Congrats to your both! 

Patzu


----------



## James Marshall (24 Jun 2010)

Thanks for the kind compliments guys, they are much appreciated  

Cheers,
James


----------



## mlgt (24 Jun 2010)

Congrats again to both of you! I would love to see these in the flesh, but I think Nelson has shut his one down now


----------



## a1Matt (24 Jun 2010)

mlgt said:
			
		

> Congrats again to both of you! I would love to see these in the flesh, but I think Nelson has shut his one down now



I saw it shortly after a rogue apple snail rearranged the rocks to his liking   
It was still fantastic to look at!


----------



## andyh (24 Jun 2010)

Congrats Guys!!

James love the use of the backlight on your photo, really makes the cave look effective!


----------



## magpie (24 Jun 2010)

James - that's a *stunning* tank... will you come and rescape my big one for me? 

but in the meantime (while I learn)

how on *earth* do you manage to keep your substrate and your sand so cleanly delineated? 

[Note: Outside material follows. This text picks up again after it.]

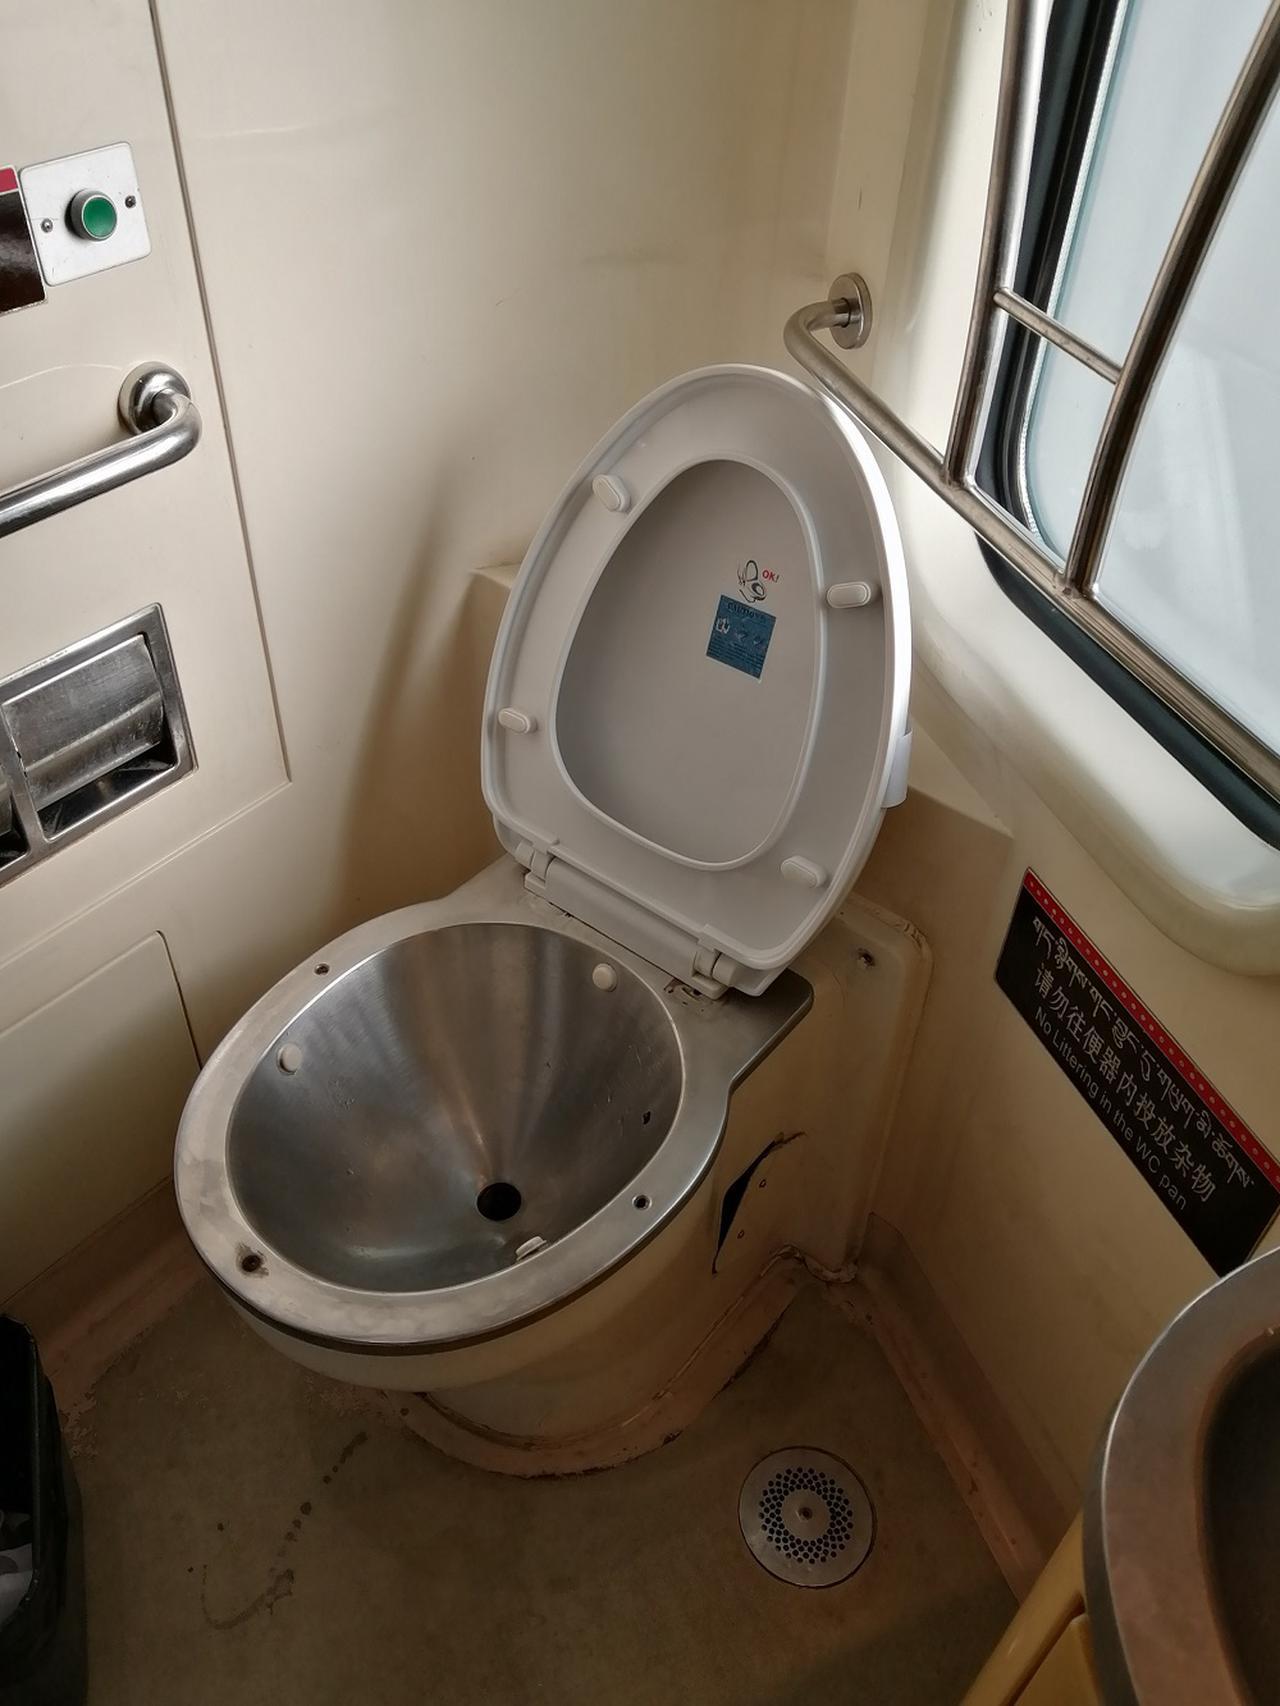 画像: トイレが各車両に2つ設置。和式の方が数が多い。トイレットペーパーは携帯必須です。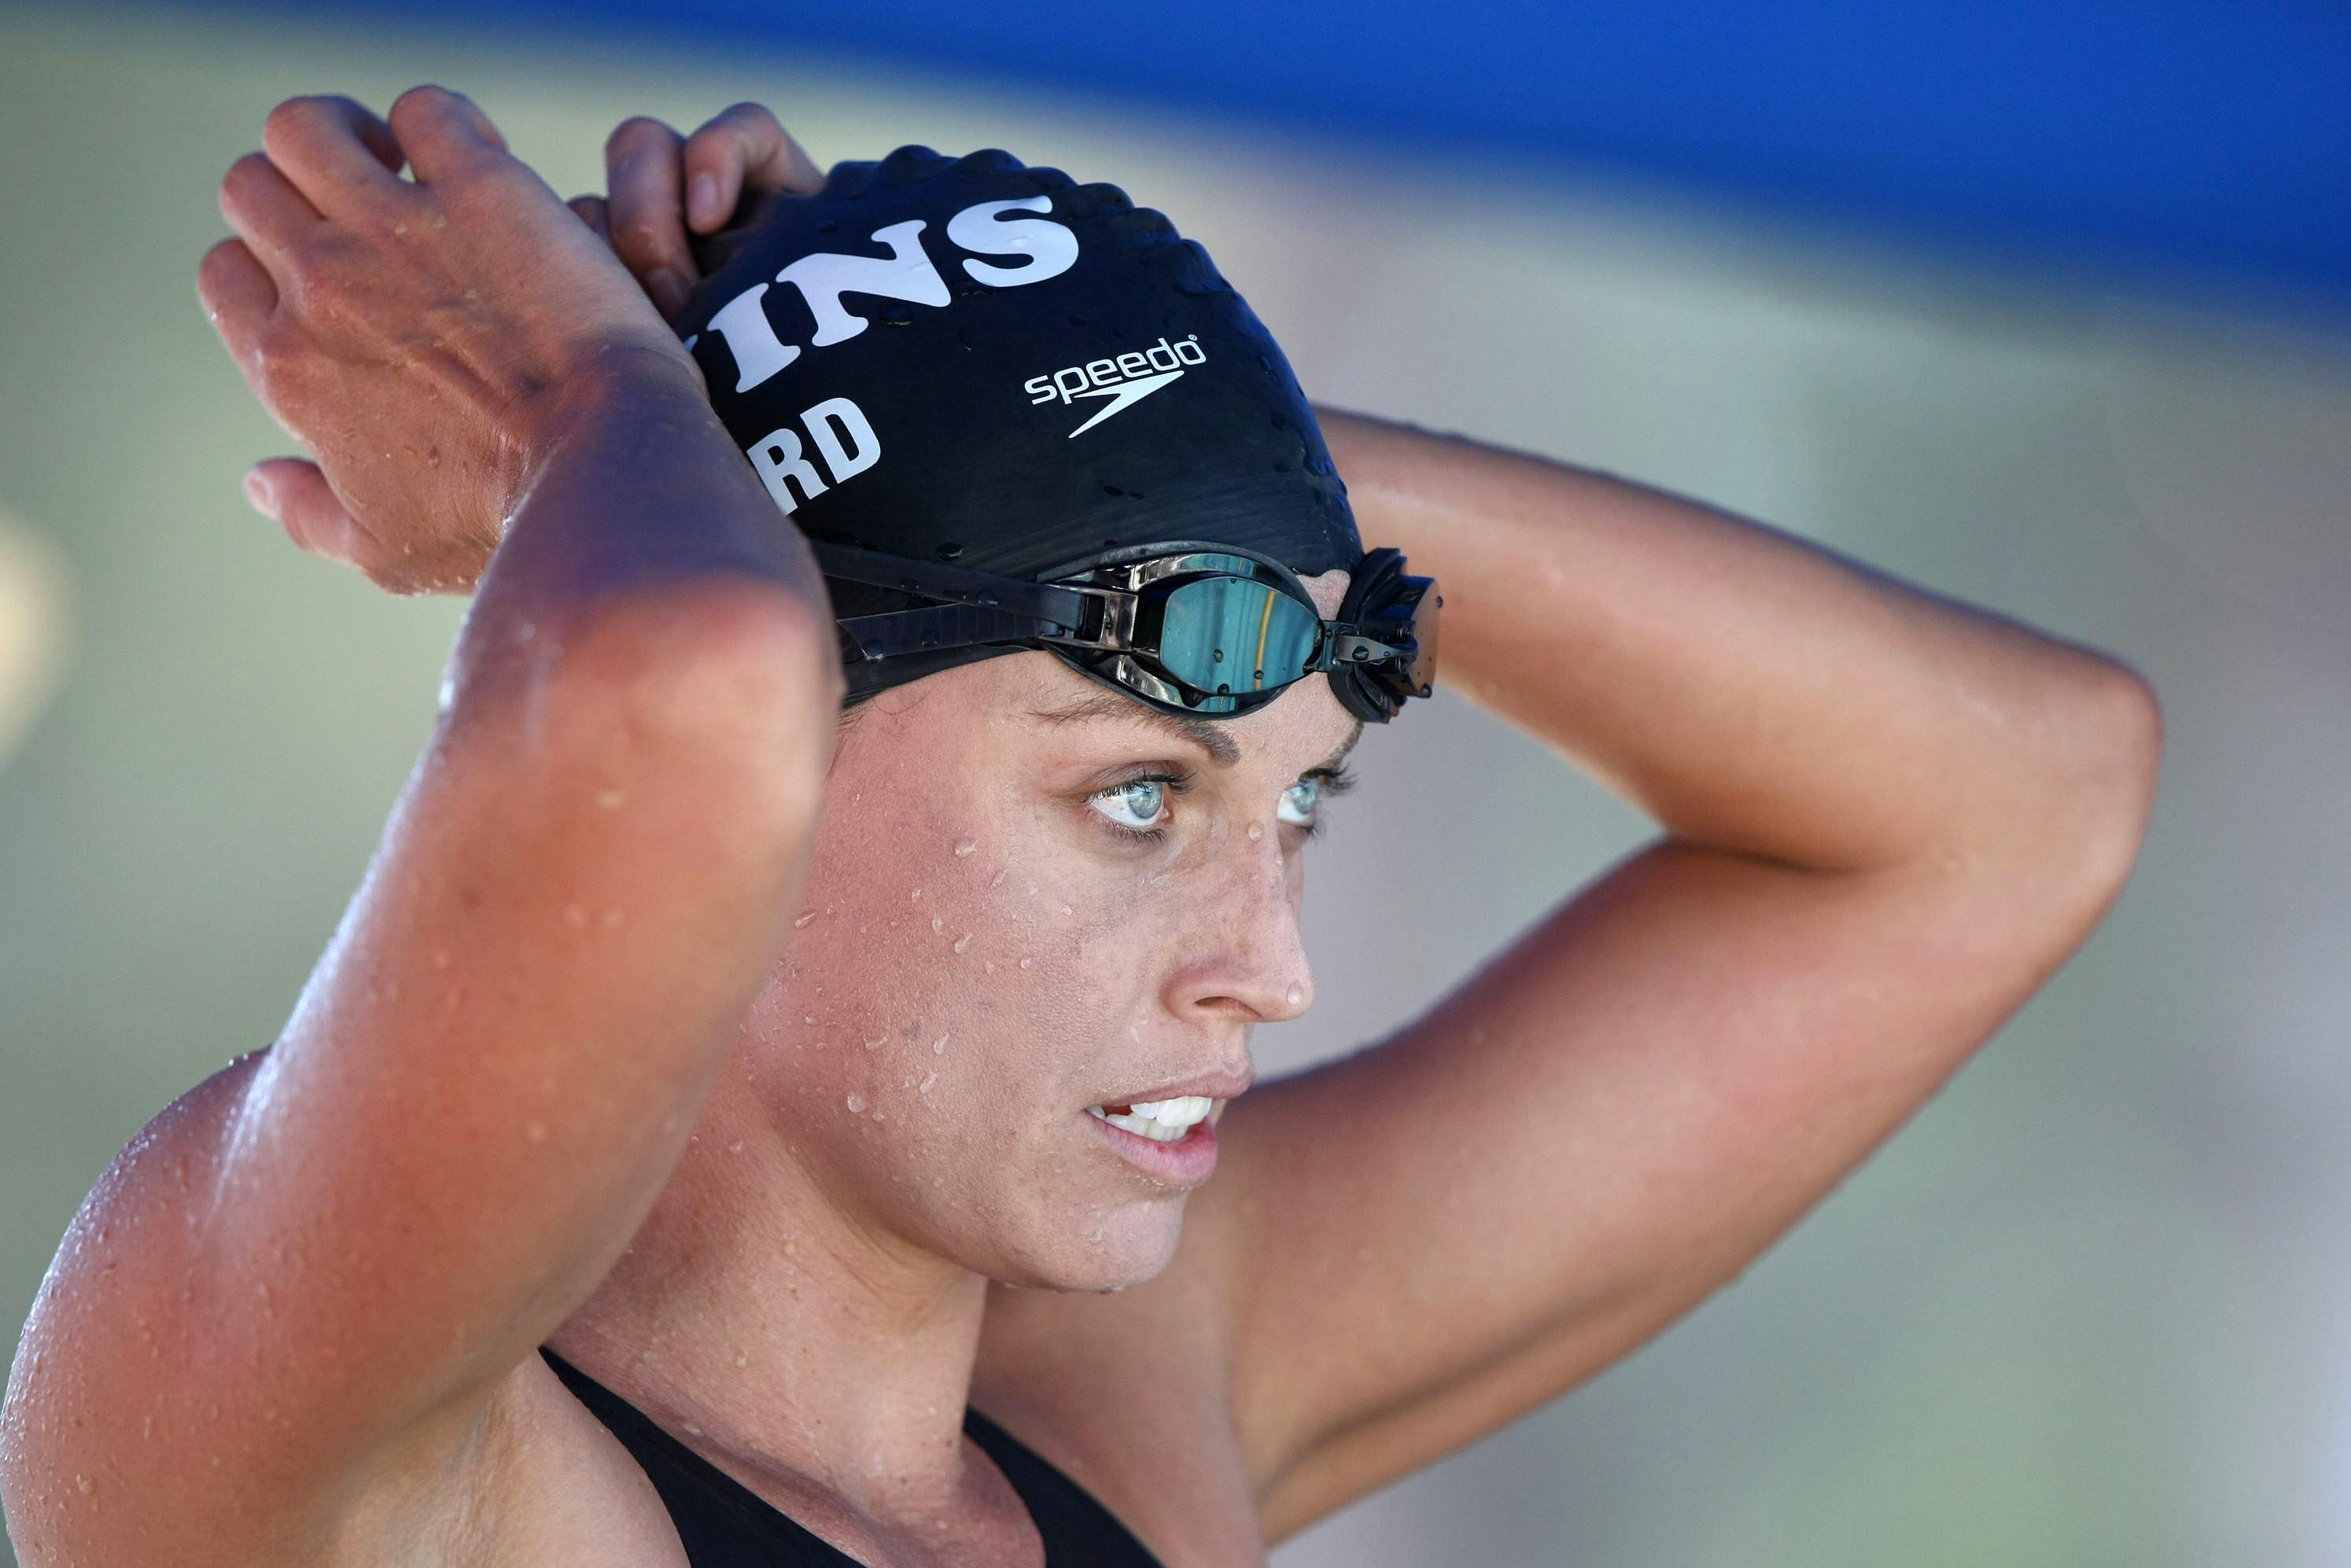 Amanda Beard Playboy Pics u.s. olympic swimmer amanda beard discusses personal turmoil

magical stuff - huge congratulations

mx


----------



## James Marshall (25 Jun 2010)

Thank you Guys  



			
				magpie said:
			
		

> how on *earth* do you manage to keep your substrate and your sand so cleanly delineated?


I set out the line with a piece of card then fill one side with sand and the other aquasoil. i usualy make sure the sand is slightly deeper so that when I remove the card the sand falls over the aquasoil and not vise versa. placing rocks along the line helps stop the substrates mixing over time.

Cheers,
James


----------